We study the unique solvability of the discretized Helmholtz problem with Robin boundary conditions using a conforming Galerkin $hp$-finite element method. Well-posedness of the discrete equations is typically investigated by applying a compact perturbation to the continuous Helmholtz problem so that a "sufficiently rich" discretization results in a "sufficiently small" perturbation of the continuous problem and well-posedness is inherited via Fredholm's alternative. The qualitative notion "sufficiently rich", however, involves unknown constants and is only of asymptotic nature. Our paper is focussed on a fully discrete approach by mimicking the tools for proving well-posedness of the continuous problem directly on the discrete level. In this way, a computable criterion is derived which certifies discrete well-posedness without relying on an asymptotic perturbation argument. By using this novel approach we obtain a) new stability results for the $hp$-FEM for the Helmholtz problem b) examples for meshes such that the discretization becomes unstable (stiffness matrix is singular), and c) a simple checking Algorithm MOTZ "marching-of-the-zeros" which guarantees in an a posteriori way that a given mesh is certified for a stable Helmholtz discretization.

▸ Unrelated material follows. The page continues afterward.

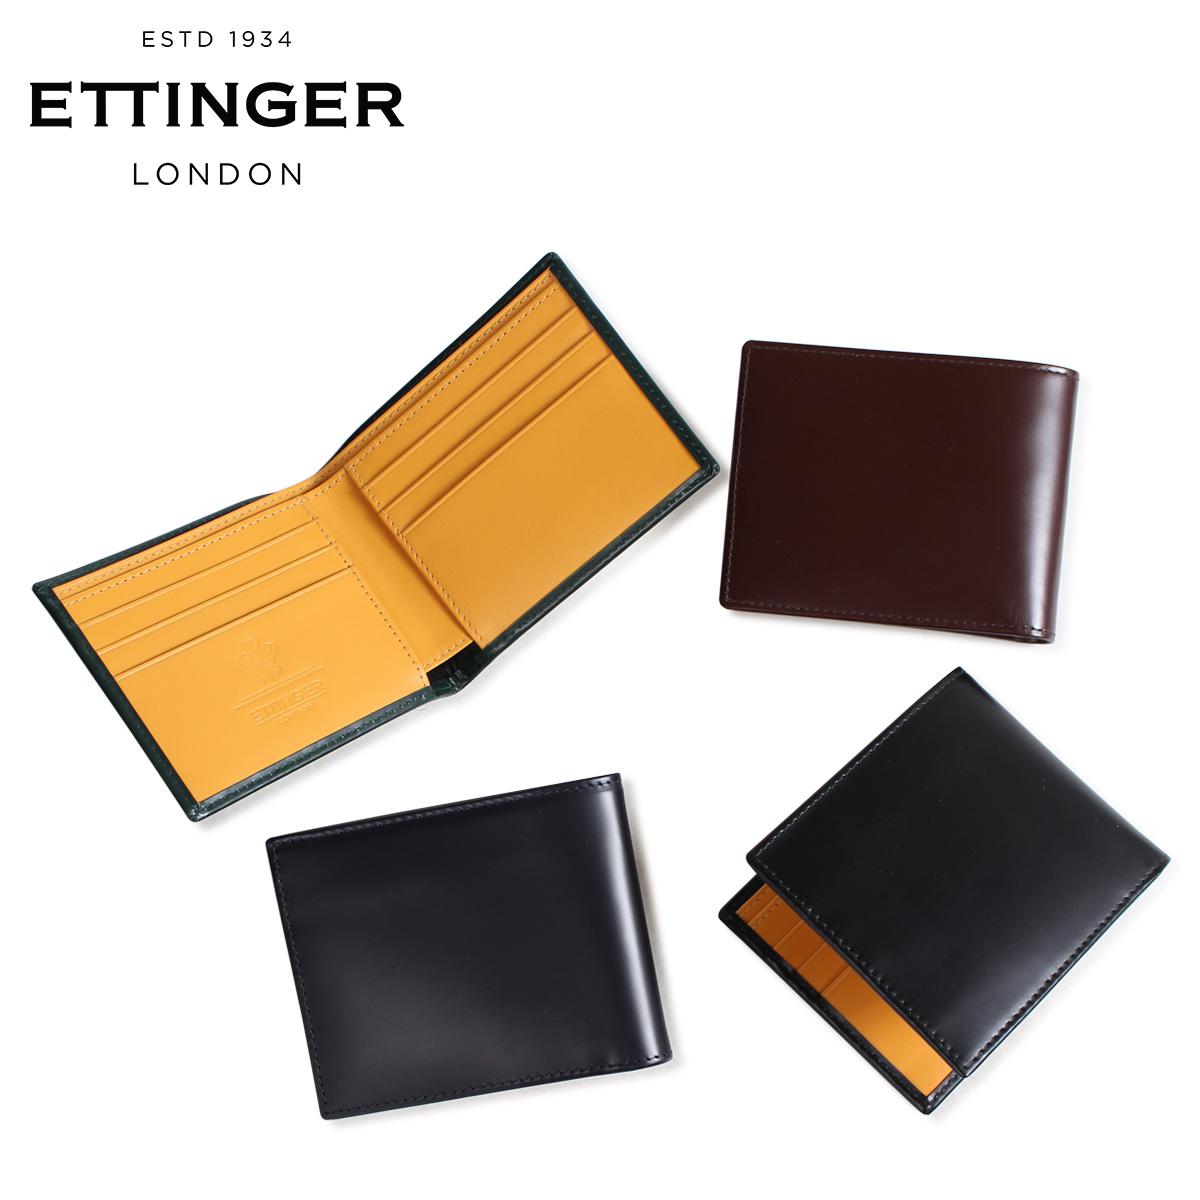 ETTINGER BILLFOLD WALLET WITH CARD CASE エッティンガー 財布 二つ折り メンズ レザー ブラック ネイビー ブラウン グリーン 黒 BH030 [3/18 新入荷]

翻译：我们用符合的 Galerkin $hp$fite 元素法研究离散的离散性Helmholtz 问题与罗宾边界条件的独特溶解性。 离散性方程式的精密性通常通过对连续的Helmholtz 问题应用压缩扰动法来调查。 这样, “ 足够丰富” 的离散性导致连续问题“ 足够小” 的“ 足够小” 扰动性, 并通过 Fredholm 的替代法来继承。 但是, 质量概念“ 足够丰富 ”, 涉及未知的常数, 并且只是无药性。 我们的纸张侧重于完全离散的方法, 将工具模拟用于直接在离散水平上证明持续问题的正确性的工具。 这样, 一个可比较性标准可以证明离散性, 而不依赖一个无症状的扰动性扰动性 。 我们通过这种新方法获得一种新的稳定性结果, 用于给定的 Helmtz 问题中的 美元- FEM, 是一个稳定性磁性 的模型模型, 。